Lieber Leserinnen und Leser,

die Bundesärztekammer veröffentlicht seit 1979 Richtlinien, später Grundsätze genannt, zur ärztlichen Sterbebegleitung. Sie sollen Ärztinnen und Ärzten eine Orientierung bei ihrer schwierigen Aufgabe der Begleitung von schwerstkranken und sterbenden Patienten geben. Die aktuelle Fassung der „Grundsätze zur ärztlichen Sterbebegleitung“ wurde im Februar 2011 veröffentlicht. Eine Überarbeitung der Grundsätze aus dem Jahre 2004 war notwendig geworden, nachdem der Gesetzgeber mit dem 3. Betreuungsrechtsänderungsgesetz u. a. die Patientenverfügung, die Stellung des Patientenvertreters und das Gespräch zur Feststellung des Patientenwillens gesetzlich geregelt hatte. Auch hatte sich die Rechtsprechung zu den ärztlichen Aufgaben und Pflichten am Lebensende weiterentwickelt, nicht zuletzt durch wichtige Grundsatzurteile des Bundesgerichtshofs.
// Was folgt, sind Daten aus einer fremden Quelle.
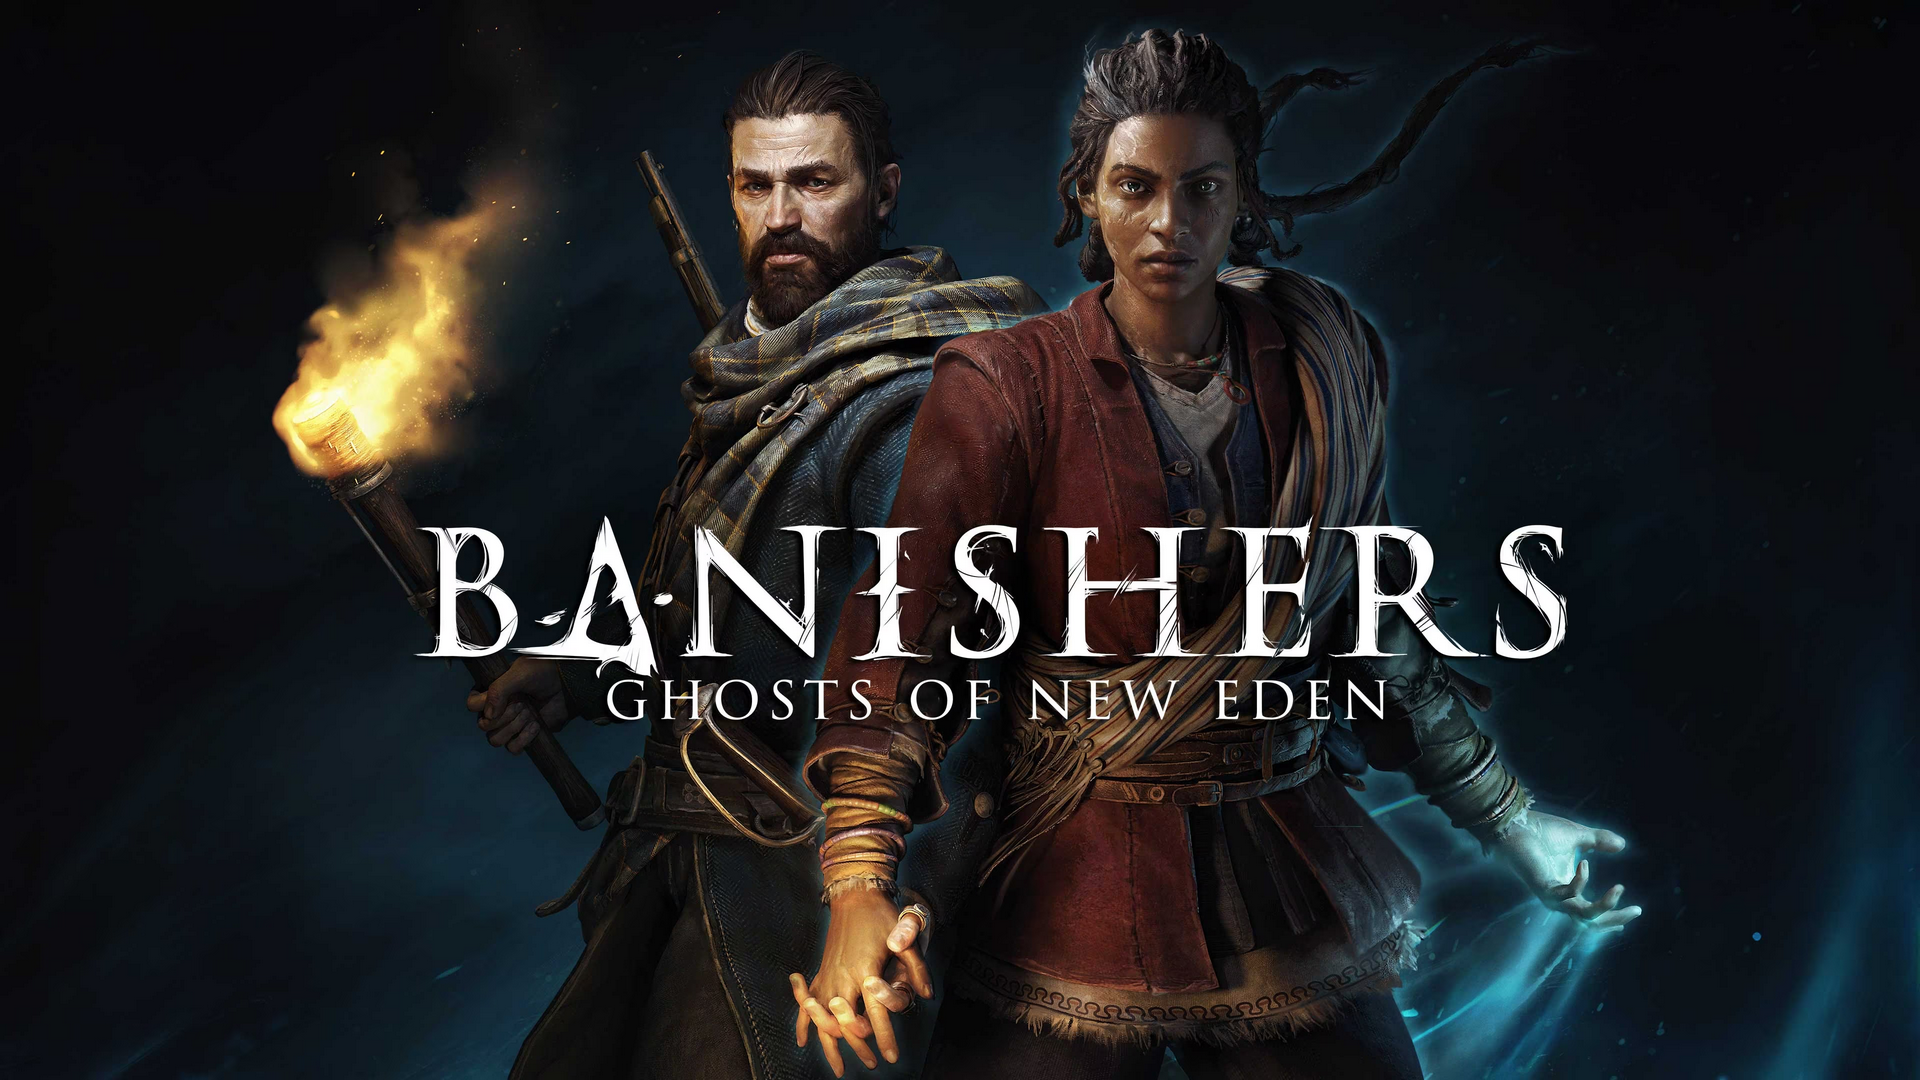 Banishers: Ghosts Of New Eden Free Playable Demo Available Now

Die Grundsätze befassen sich mit den Aufgaben des Arztes bei der Begleitung von schwer kranken und sterbenden Patienten. Sie beschreiben deshalb, was zu diesen Aufgaben gehört und welche Pflichten der Arzt gegenüber seinem sterbenden oder schwerstkranken Patienten hat. Sie stellen andererseits in der Präambel klar und unmissverständlich fest, was nicht zu dieser Aufgabe gehört, nämlich die Tötung des Patienten, auch wenn sie auf dessen Verlangen erfolgt, und die Beihilfe zum Suizid des Patienten. Während die Tötung auf Verlangen nach § 216 StGB stets strafbar ist, kann die Beihilfe zum Suizid nach allgemeinem Recht erlaubt sein, wenn der Suizident freiverantwortlich handelt. Ungeachtet der strafrechtlichen Bewertung vertreten die Grundsätze die Auffassung, dass die Mitwirkung des Arztes bei der Selbsttötung keine ärztliche Aufgabe darstellt.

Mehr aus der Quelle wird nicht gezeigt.